My DC are only little but I've found myself mulling this over. So right now we're in the throws of parenting, including SEN children and so have little time for hobbies, going out in evenings, social life. Friends with children are in the same position. I often read on here about single people saying their friends who have families are often busy at the weekends as they're busy with family life (as we are). So what actually happens once the DC have moved out? How do you resume your social life once you're less tied up with your kids? Does everyone in the same boat (say if you were mum friends with people with children of similar ages) suddenly socialise at the weekends? Or do you find that you've lost many old friends and your old social life by being tied up with your own family for so long and then it's hard to get a social life back?

OP posts:
toooldtocarewhoknows · 20/06/2022 14:33

Quiet Grin

Less expensive

You get to opt out of cooking.

Less washing and ironing

Holidays in term time whenever you want.

Did I mention how quiet it is? Grin

BigSandyBalls2015 · 20/06/2022 14:46

Try and keep friendships going even when your DCs are small. I think it's important, even if you feel knackered, to meet up for a meal or a glass of wine, or cinema. Kids grow up very quickly so its important to nurture those friendships.

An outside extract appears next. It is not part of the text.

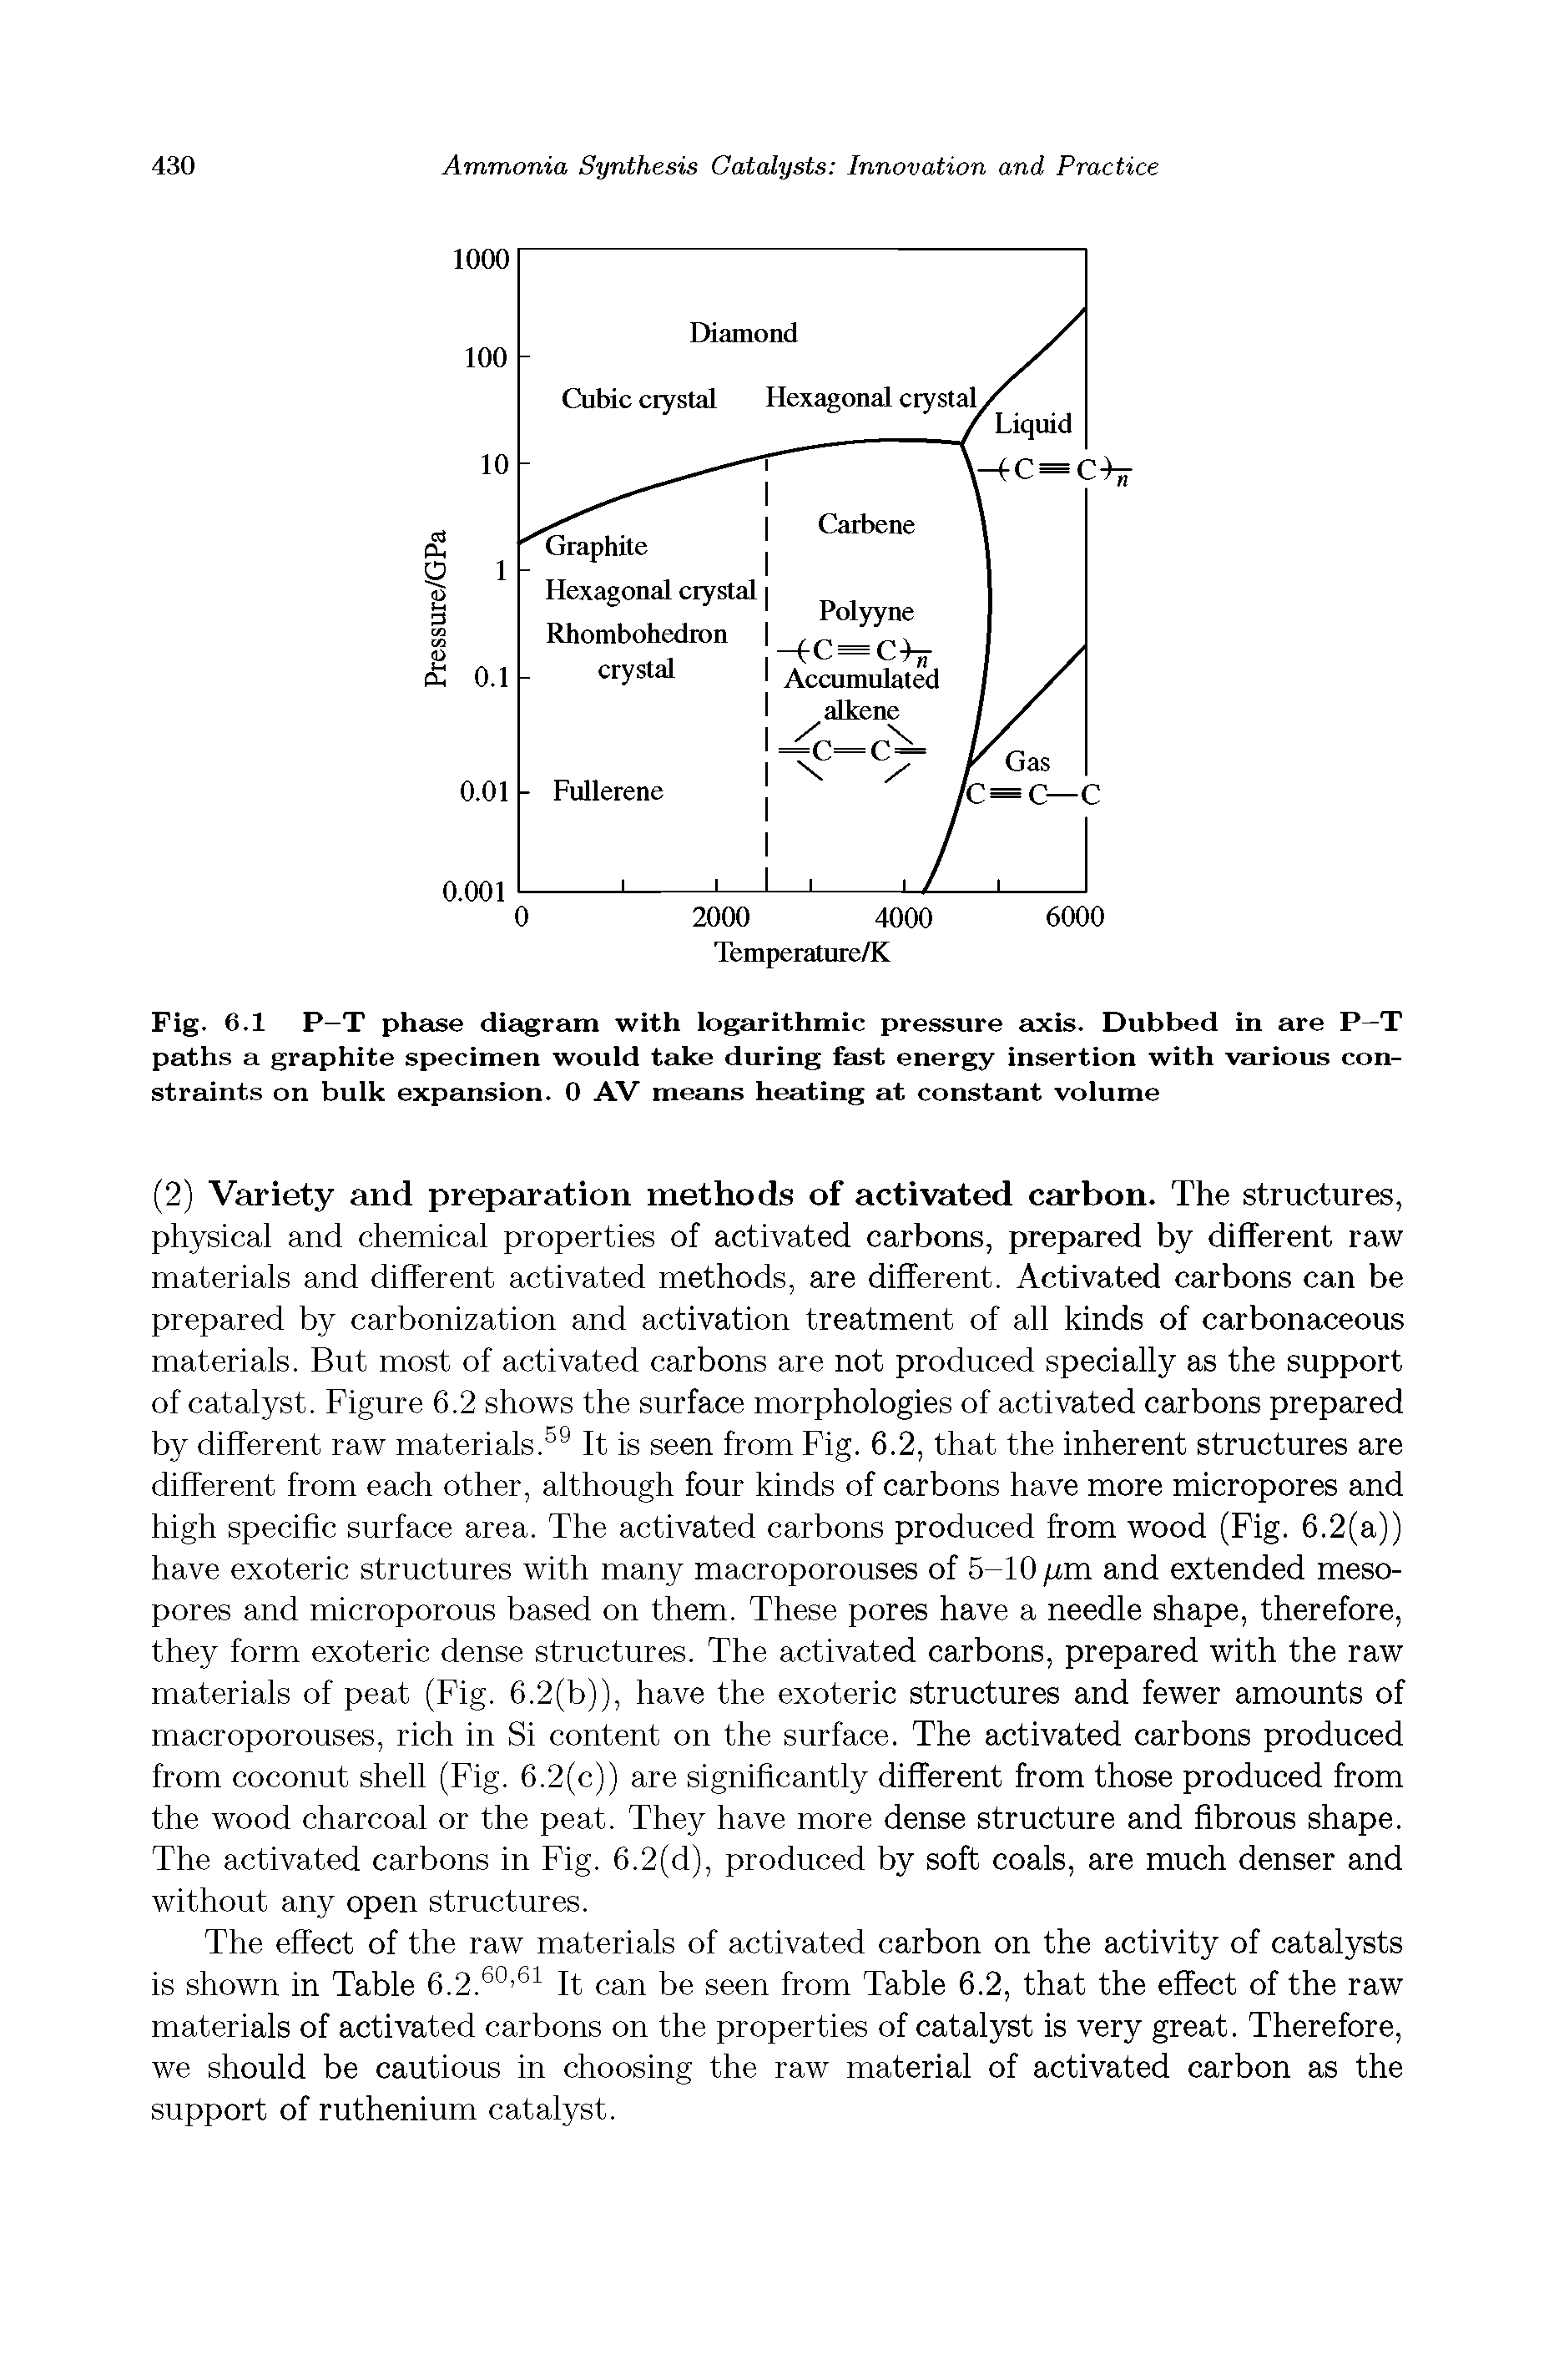 Fig. 6.1 P-T pheise diagram with logarithmic pressure axis. Dubbed in are P—T paths a graphite specimen would take during fEist energy insertion with various constraints on buik expansion. 0 AV means heating at constant volume...

drivinmecrazy · 20/06/2022 14:51

We're in a horrible limbo at the moment.
DD2 still at home in year 12.
DD1 just graduated but doesn't seem to have any plans to come home anytime soon. I'm sure she will , out of necessity if nothing else.
I miss her like crazy, we haven't seen her since Easter and she phones less and less.
I should feel proud that she's so independent and ready to enter the real grown up world but I don't.
This by far is the hardest it's ever been.
She needs us when things go wrong but when she's 'living her best life ' we are no more than a foot note.
But home is still here for her. Her room remains the same waiting for her to come home.
TBH I think we'll be living this limbo for many years.
As much as I miss her I am looking forward to the day when she properly moves out, taking all her c**p with her 😂
Going to go through the same thing with DD2 next year.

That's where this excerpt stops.